First Case Report of the Use of Postmortem Wide-Angle Fundus Photography in Abusive Head Trauma

Toru Oshima; Hiroshi Yoshikawa; Hidehisa Sekijima; Hirokazu Kotani

doi:10.1097/PAF.0000000000001055

. 2025 Jun 26;46(4):307–311. doi: 10.1097/PAF.0000000000001055

First Case Report of the Use of Postmortem Wide-Angle Fundus Photography in Abusive Head Trauma

Toru Oshima ^*,^†,^✉, Hiroshi Yoshikawa ^‡, Hidehisa Sekijima ^†, Hirokazu Kotani ^†

PMCID: PMC12617311 PMID: 40560625

Abstract

Retinal hemorrhages commonly cooccur with abusive head trauma (AHT). While wide-field fundus photography is crucial for documenting retinal hemorrhage in living children, in fatal cases, a pathologic examination is traditionally used. This report describes the case of a 4-year-old girl who died of head trauma suspected to have been caused by physical abuse. Before the autopsy, wide-field fundus photography using scanning laser ophthalmoscopy (SLO) was performed to document retinal hemorrhages. Imaging revealed that retinal hemorrhages were predominantly located at the posterior pole and in the peripheral retina of the right eye. The autopsy confirmed cranial injuries, including acute subdural hematoma. Pathologic examination of the eyes revealed hemorrhages beneath the internal limiting membrane and within the inner to outer nuclear layers of the retina. The cause of death was determined to be head trauma leading to an acute subdural hematoma. This case confirms that wide-field fundus photography using SLO can be performed postmortem, supplementing pathologic findings. Postmortem fundus photography, particularly using SLO, has the potential to reduce the risk of artifact introduction during the preparation of traditional specimens. Additional case studies are required to further refine the use of this technique and establish its potential forensic application in the diagnosis of AHT.

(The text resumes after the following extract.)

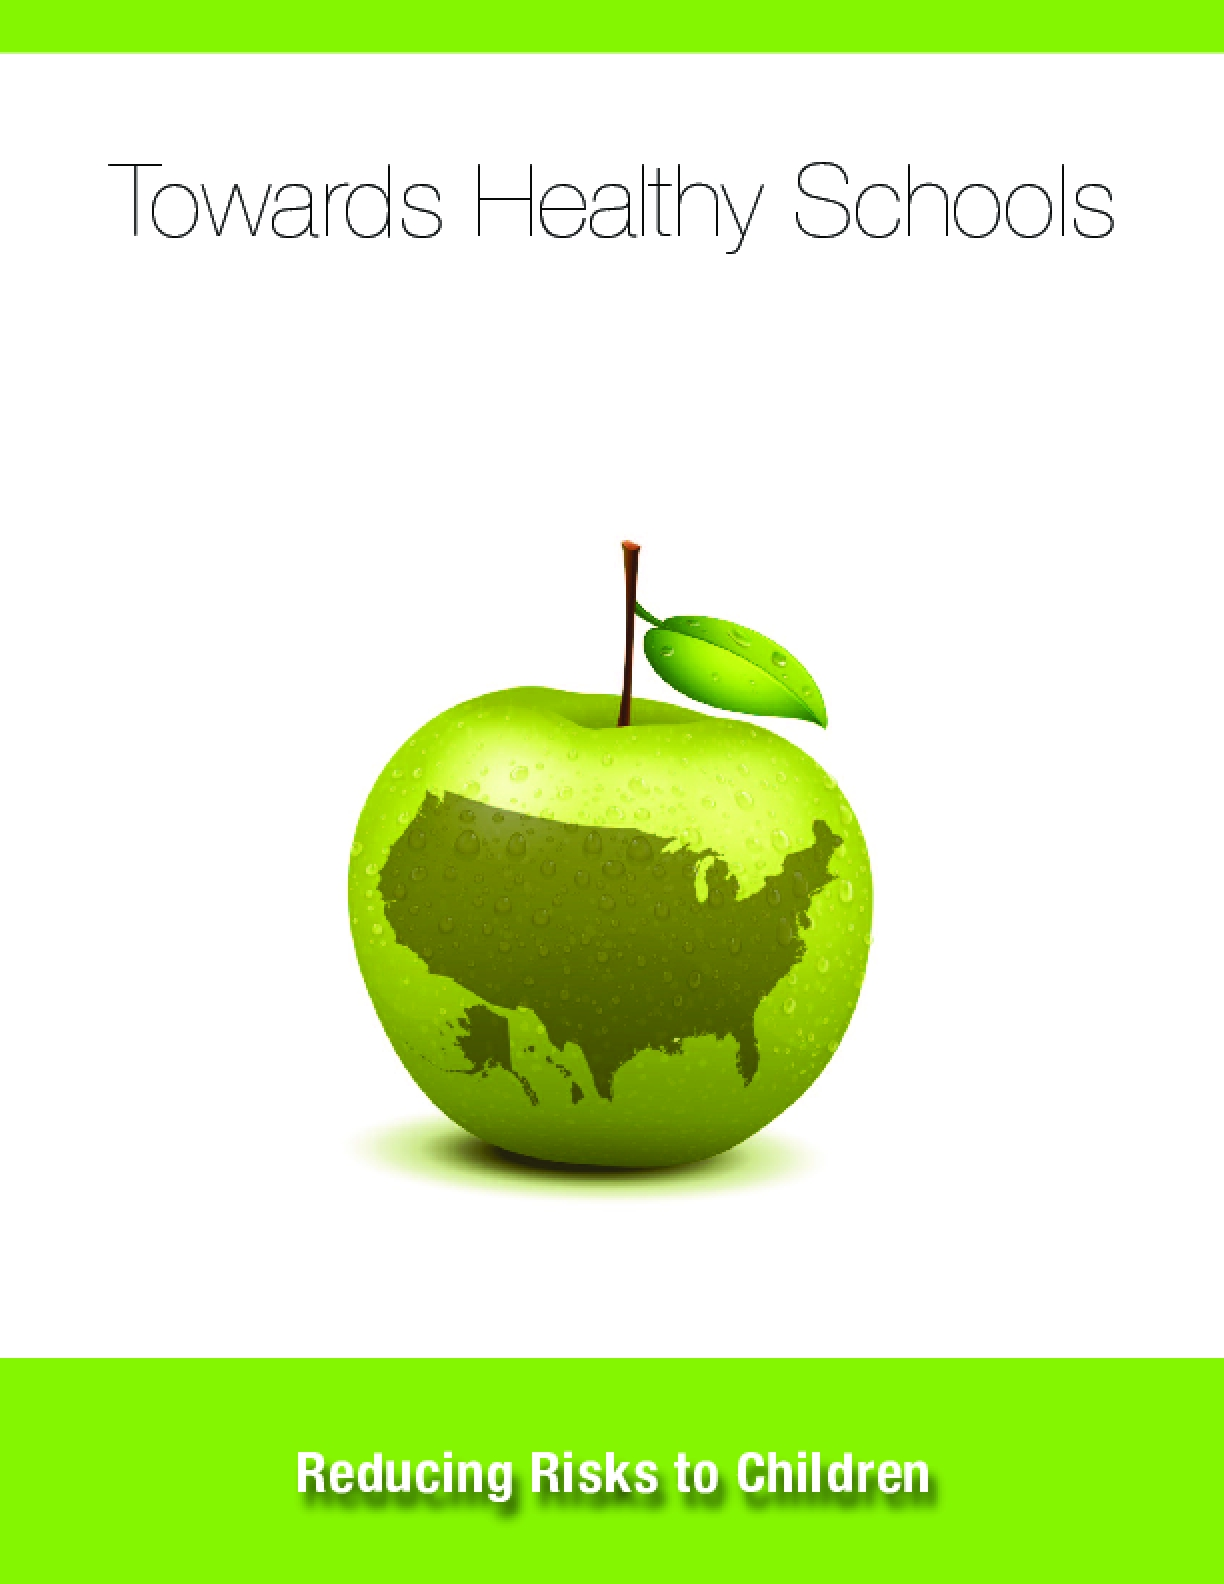 Towards Healthy Schools: Reducing Risks to Children

Key Words: abusive head trauma, retinal hemorrhage, optic nerve, postmortem, fundus photography, forensic pathology, scanning laser ophthalmoscopy

Retinal hemorrhages often cooccur with cases of abusive head trauma (AHT). The distribution pattern and severity of retinal hemorrhage are critical for estimating the mechanism of head injury;^1,2 however, more objective evidence is needed. A recent report has emphasized the importance of wide-field fundus photography for documenting retinal hemorrhage in living children.^3,4 In fatal cases, a pathologic examination is traditionally regarded as essential.⁵ However, preparing pathologic specimens requires a certain level of expertise.⁶ Specifically, we encountered instances in which the artifacts generated during this process compromised the generation of objective evidence (Fig. 1). We have previously explored methods such as fundus photography to provide supplementary documentation for pathologic findings in autopsy cases.⁷ In this report, we demonstrate the feasibility and potential utility of postmortem wide-angle fundus photography in a case of abusive head trauma.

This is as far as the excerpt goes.